» Given data
• • • •
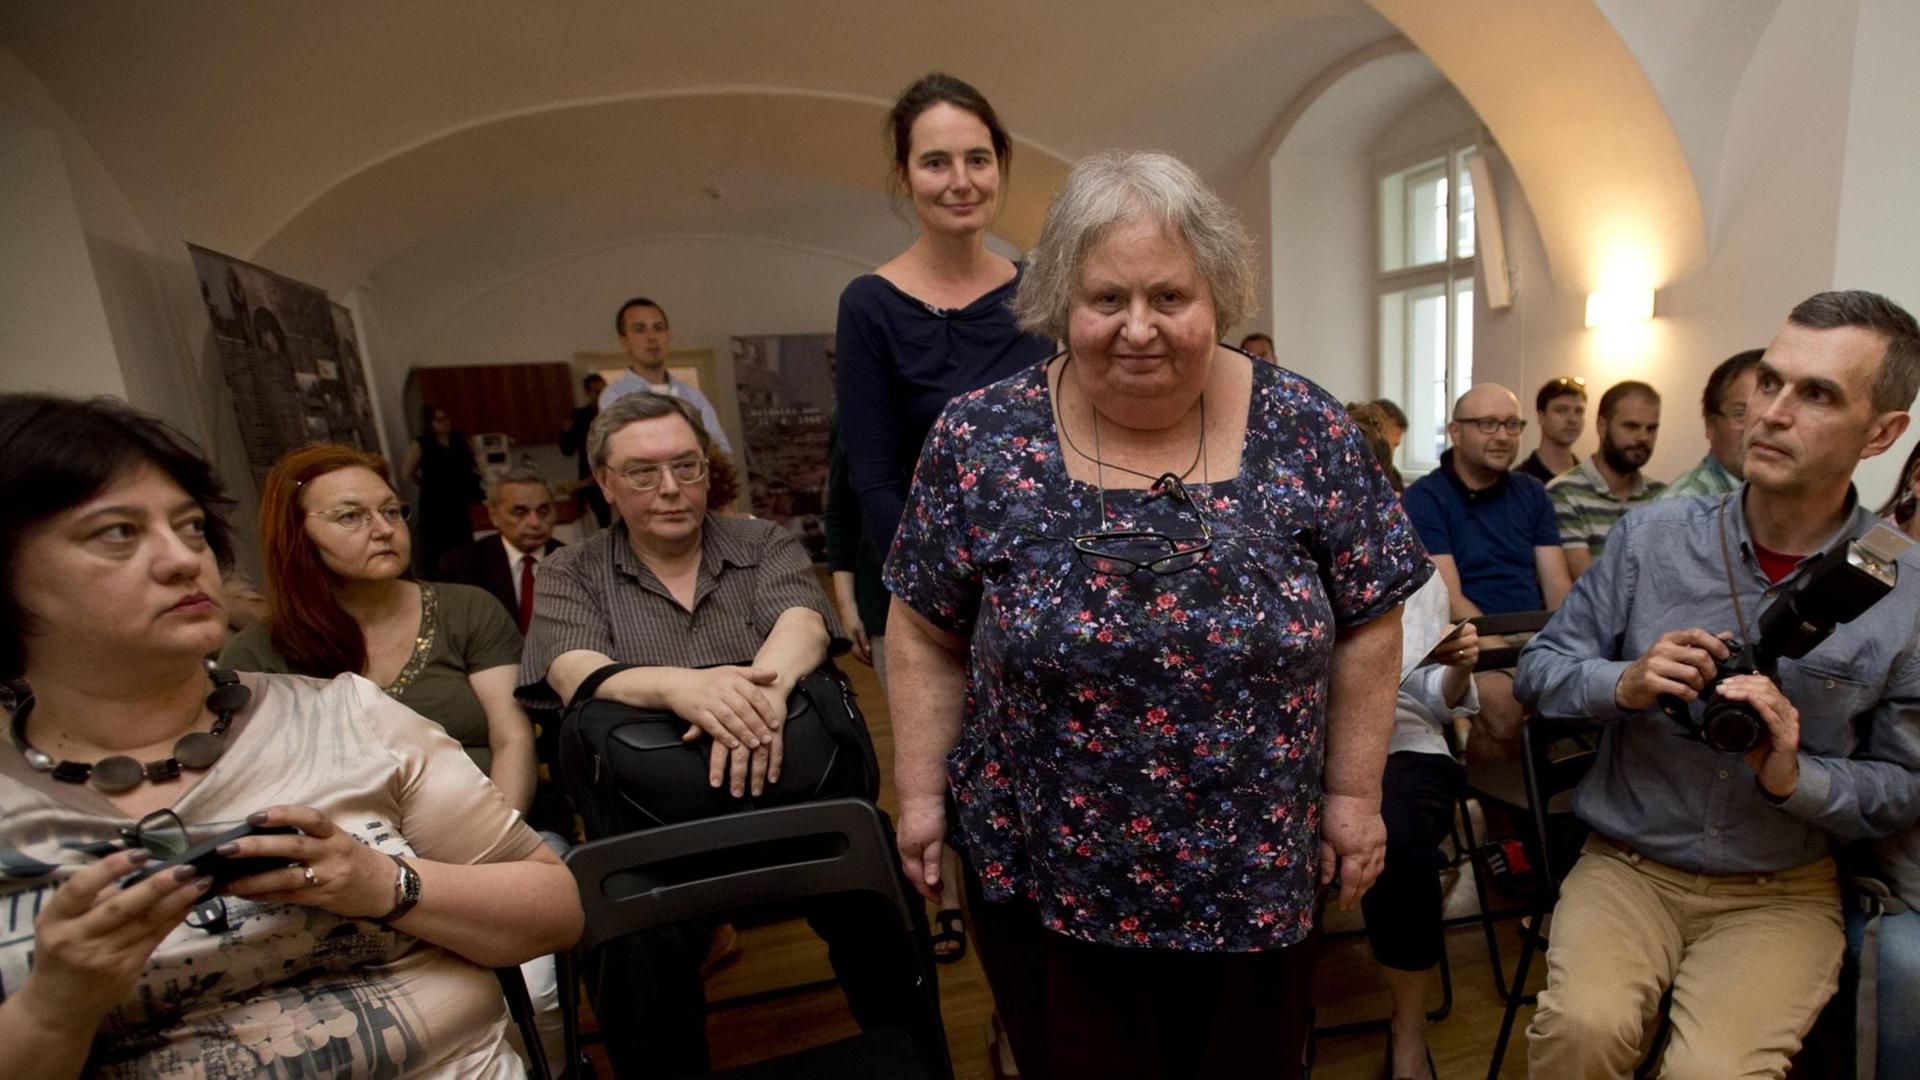 Die sowietische Dissidentin Olga Iofe Prokhorova (Bild Mitte) spricht auf einer Veranstaltung in der Vaclav Havel Bücherei in Prag, im August 2016.
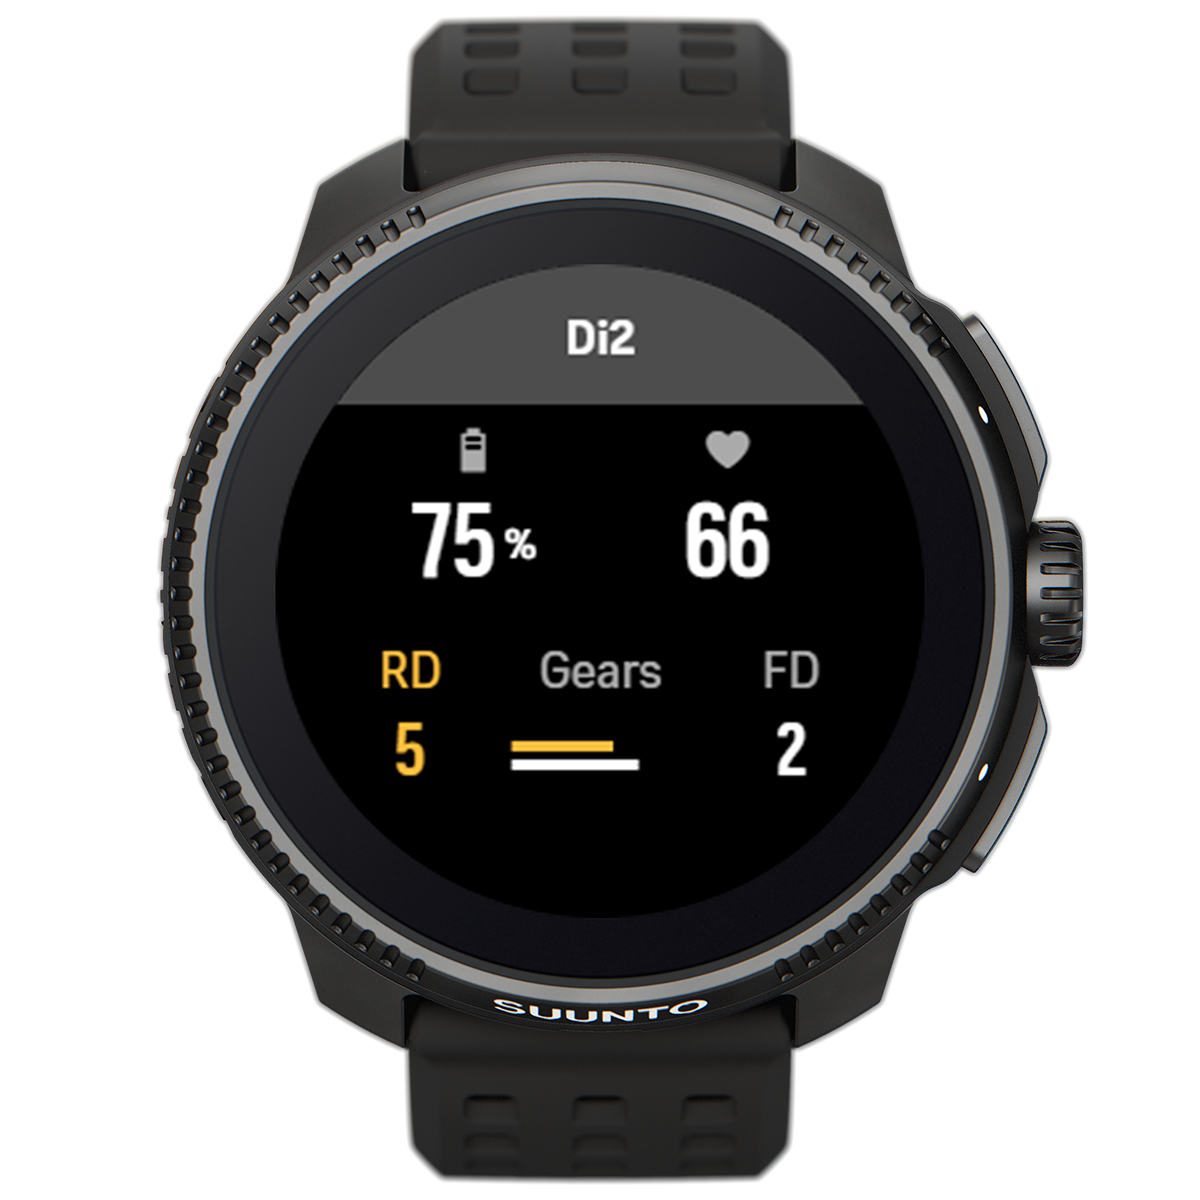 Shimano Di2 SuuntoPlus sports app connects your Suunto watch with Shimano's Di2 electronic shifting.
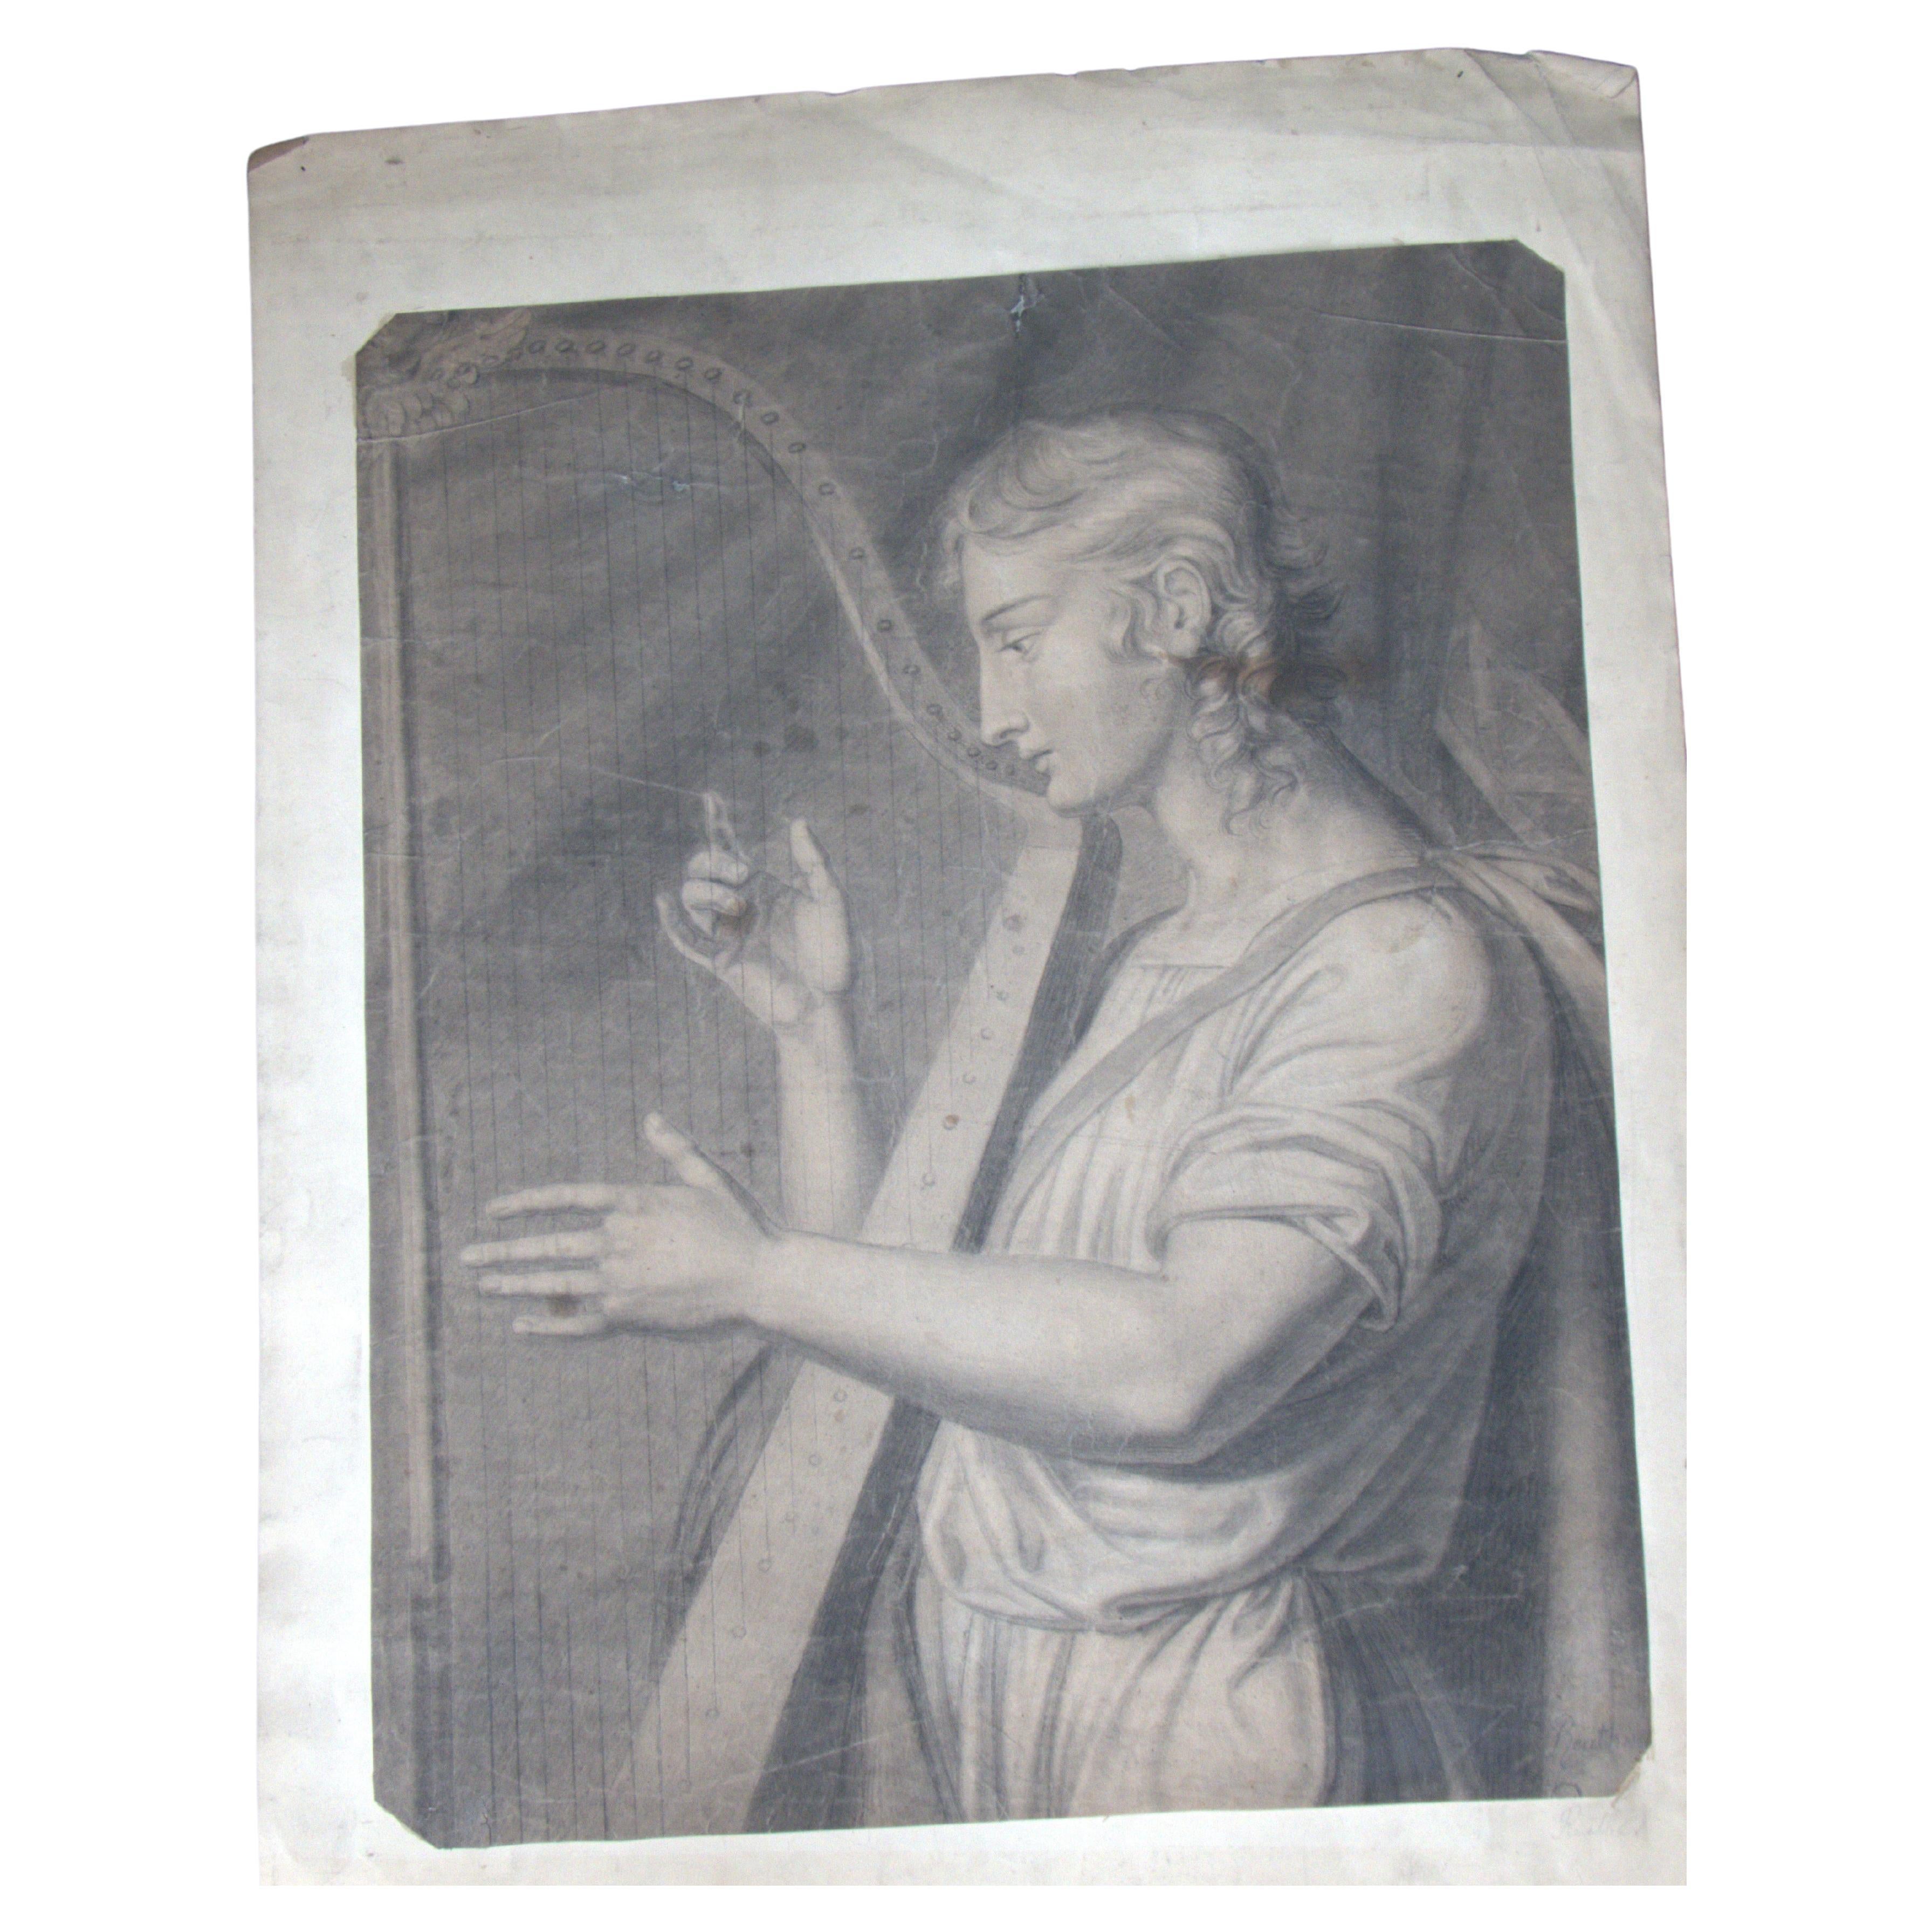 Harpist, Zeichnung des 18. Jahrhunderts
• • • •
» Activity
Once the pictures are set aside, transcribe the remaining lines above exactly.

» The completed task
 Die sowietische Dissidentin Olga Iofe Prokhorova (Bild Mitte) spricht auf einer Veranstaltung in der Vaclav Havel Bücherei in Prag, im August 2016.
 Shimano Di2 SuuntoPlus sports app connects your Suunto watch with Shimano's Di2 electronic shifting.
 Harpist, Zeichnung des 18. Jahrhunderts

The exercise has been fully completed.